Übergangsregierung für Österreich

Vier neue Minister hat der Bundespräsident, Alexander Van der Bellen, gestern vereidigt. Außerdem vermeldet die Alpenrepublik einen neuen Vizekanzler und einen Ministeriumswechsel.


Im Marie-Theresien-Zimmer der Wiener Hofburg wurden am Mittwoch vier neue Minister in ihr Amt erhoben, eine Ministerin wechselte das Ressort und ein neuer Vizekanzler wurde vereidigt. Die so genannten Experten übernehmen die Ämter der FPÖ-Minister, die in Folge des Ibiza-Videos zurückgetreten waren. Eine Interimsregierung in dieser Form hatte es seit dem zweiten Weltkrieg nicht mehr gegeben.

Ein neuer Vizekanzler

Das Amt des Vizekanzlers wird zukünftig der bisherige Finanzminister Hartwig Löger von der ÖVP übernehmen. Nachdem der ehemalige Vizekanzler Hans-Christian Strache als durch die Ibiza-Videos am meisten belastetes FPÖ-Mitglied aus seinem Amt zurückgetreten war und Bundeskanzler Sebastian Kurz die sofortige Aufhebung der Zusammenarbeit mit der FPÖ und Neuwahlen verkündet hatte, musste diese Stelle neu besetzt werden.

Experten mit Qualifikation und Erfahrung

Außerdem wurden vier neue Minister als Experten vereidigt, eine Ministerin wechselte das Ressort. Juliane Bogner-Strauß, die zuvor das Familienministerin geleitet hatte, ist nun Ministerin für Sport und den Öffentlichen Dienst. Als neuer Innenminister wurde der ehemalige Präsident des Obersten Gerichtshofs, Eckart Ratz, vereidigt. Er soll auch die nötigen Qualifikationen mitbringen, um Inhalte und Hintergründe des Ibiza-Videos aufzuklären. Als neuer Sozialminister ist Walter Pöltner eingetreten und das Ministerium für Infrastruktur wird in Zukunft von der Chefin der Flugsicherung, Valerie Hackl, übernommen. Als neuer Verteidigungsminister ist der stellvertretende Generalstabschef Johann Luif in die Regierung eingetreten.
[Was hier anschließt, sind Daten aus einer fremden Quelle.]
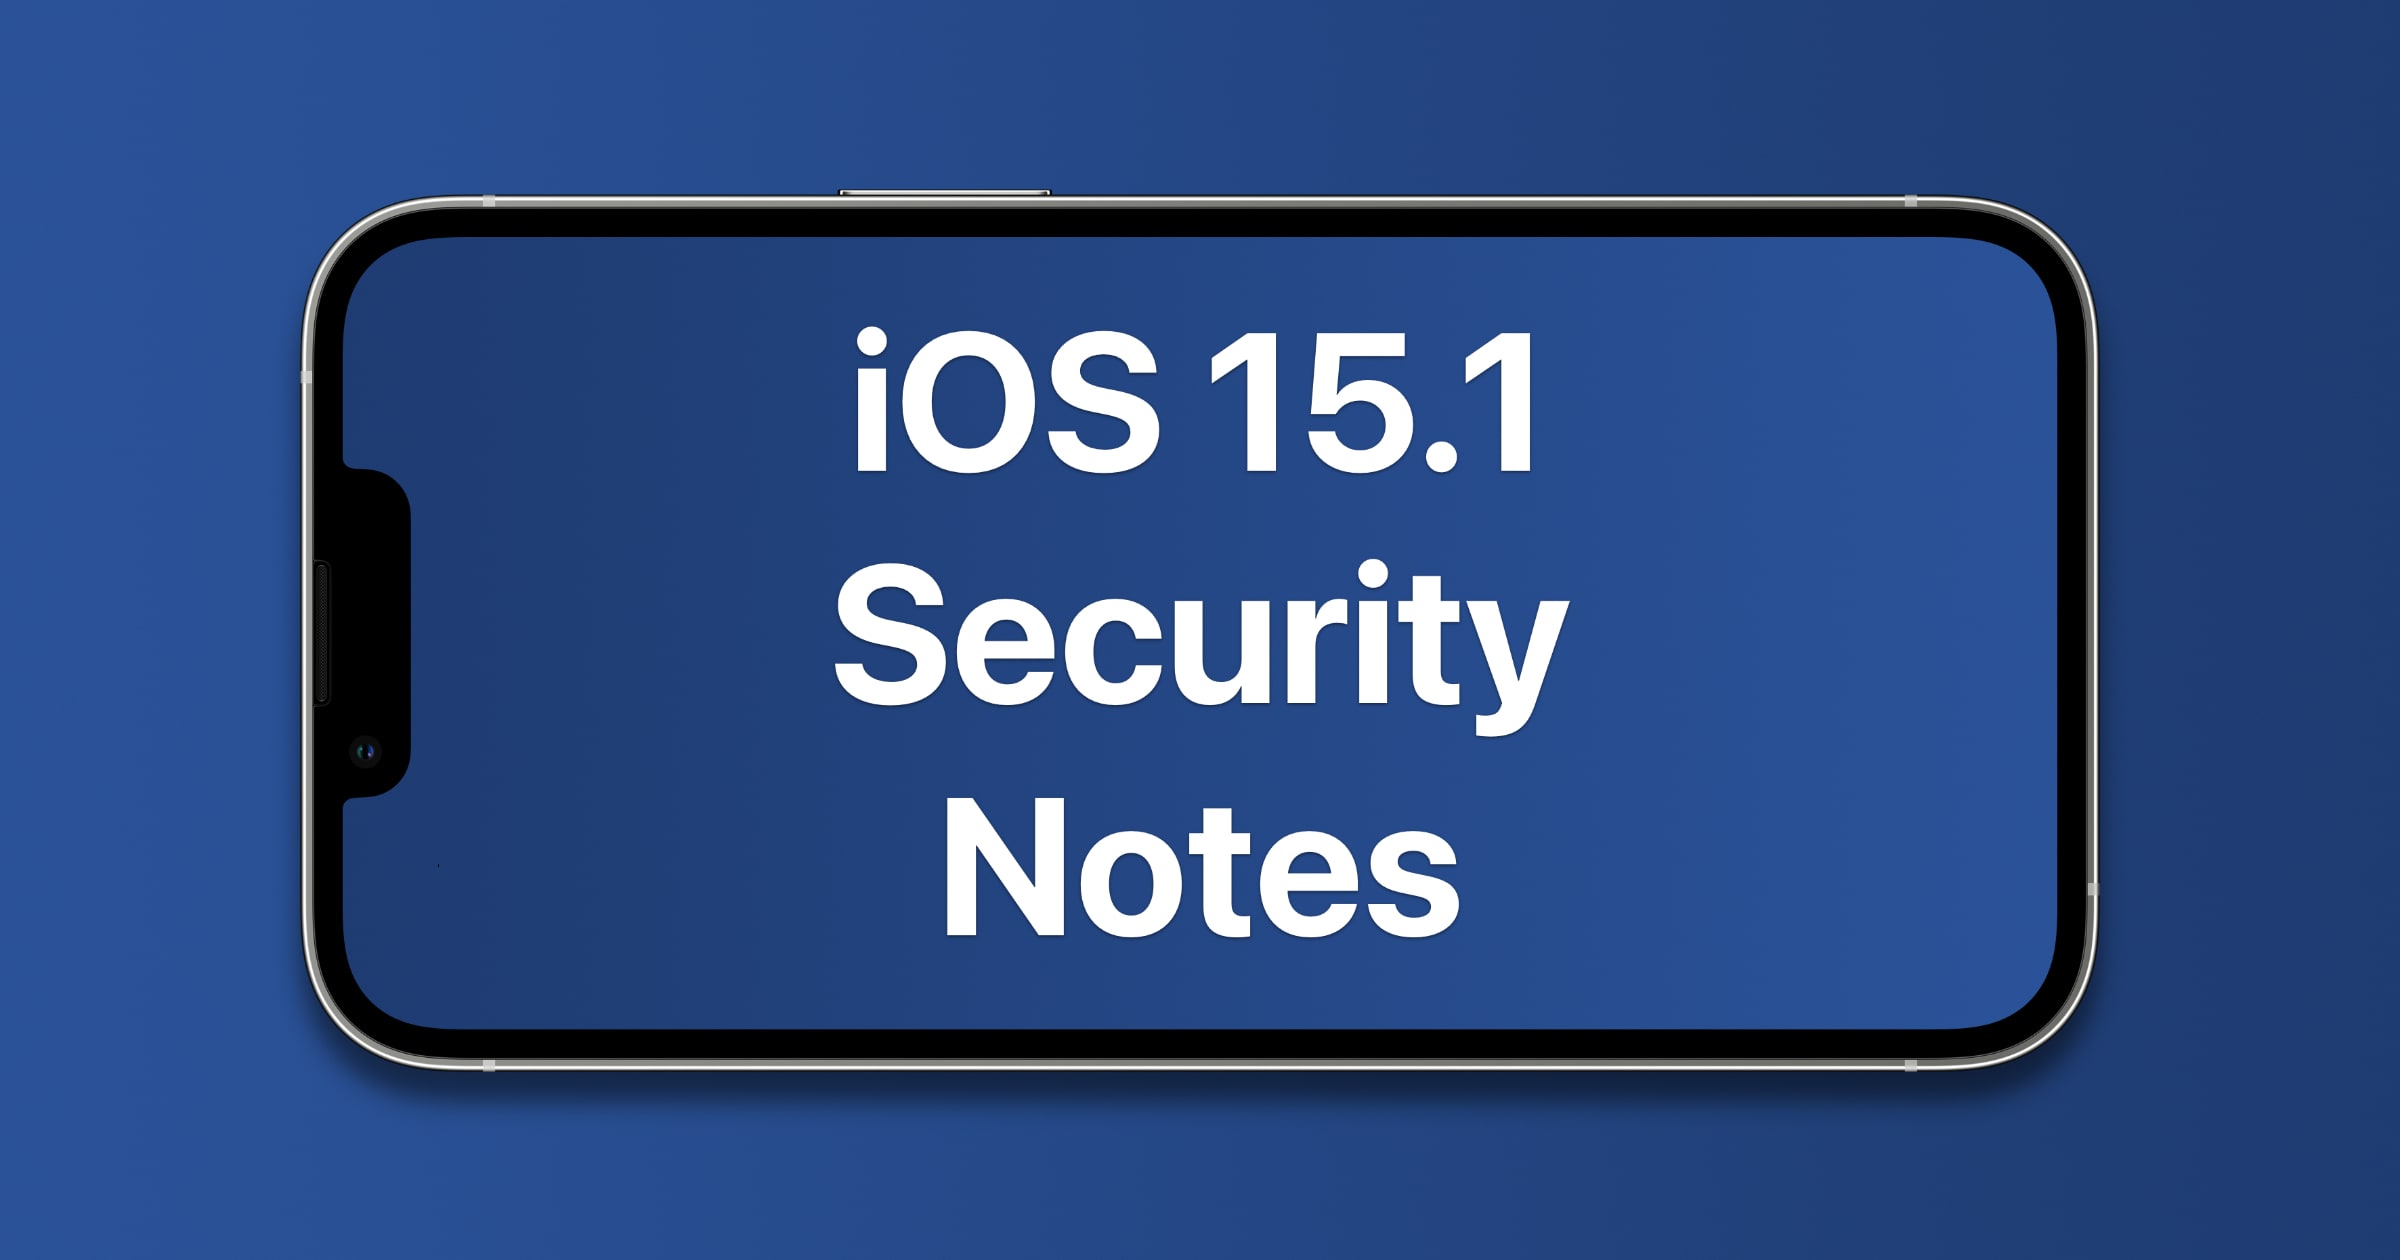 iOS 15.1 security notes

Misstrauensvotum gegen Kurz

Bis zu den Neuwahlen im September wies Bundespräsident Alexander Van der Bellen die neuen Minister auf ihre "wesentliche Verantwortung" hin, die für eine "positive Entwicklung" Österreichs essentiell sei. Auch erinnerte er sie an die Bedeutung Europas für Österreich. Am Montag wird sich herausstellen, ob die Übergangsregierung bis zu den Neuwahlen hält, denn da muss sich Bundeskanzler Sebastian Kurz einem Misstrauensvotum stellen. Ausgegangen war das Votum von der vergleichsweise kleinen Partei "Jetzt – Liste Pilz". Ob sich die SPÖ und die FPÖ gegen Kurz aussprechen werden, ist noch nicht geklärt.
Anschließend müssen die weitere Details zum Ibiza-Video ausgewertet werden und der Skandal aufgeklärt werden, damit in Österreichs Regierung wieder Normalität einkehren kann.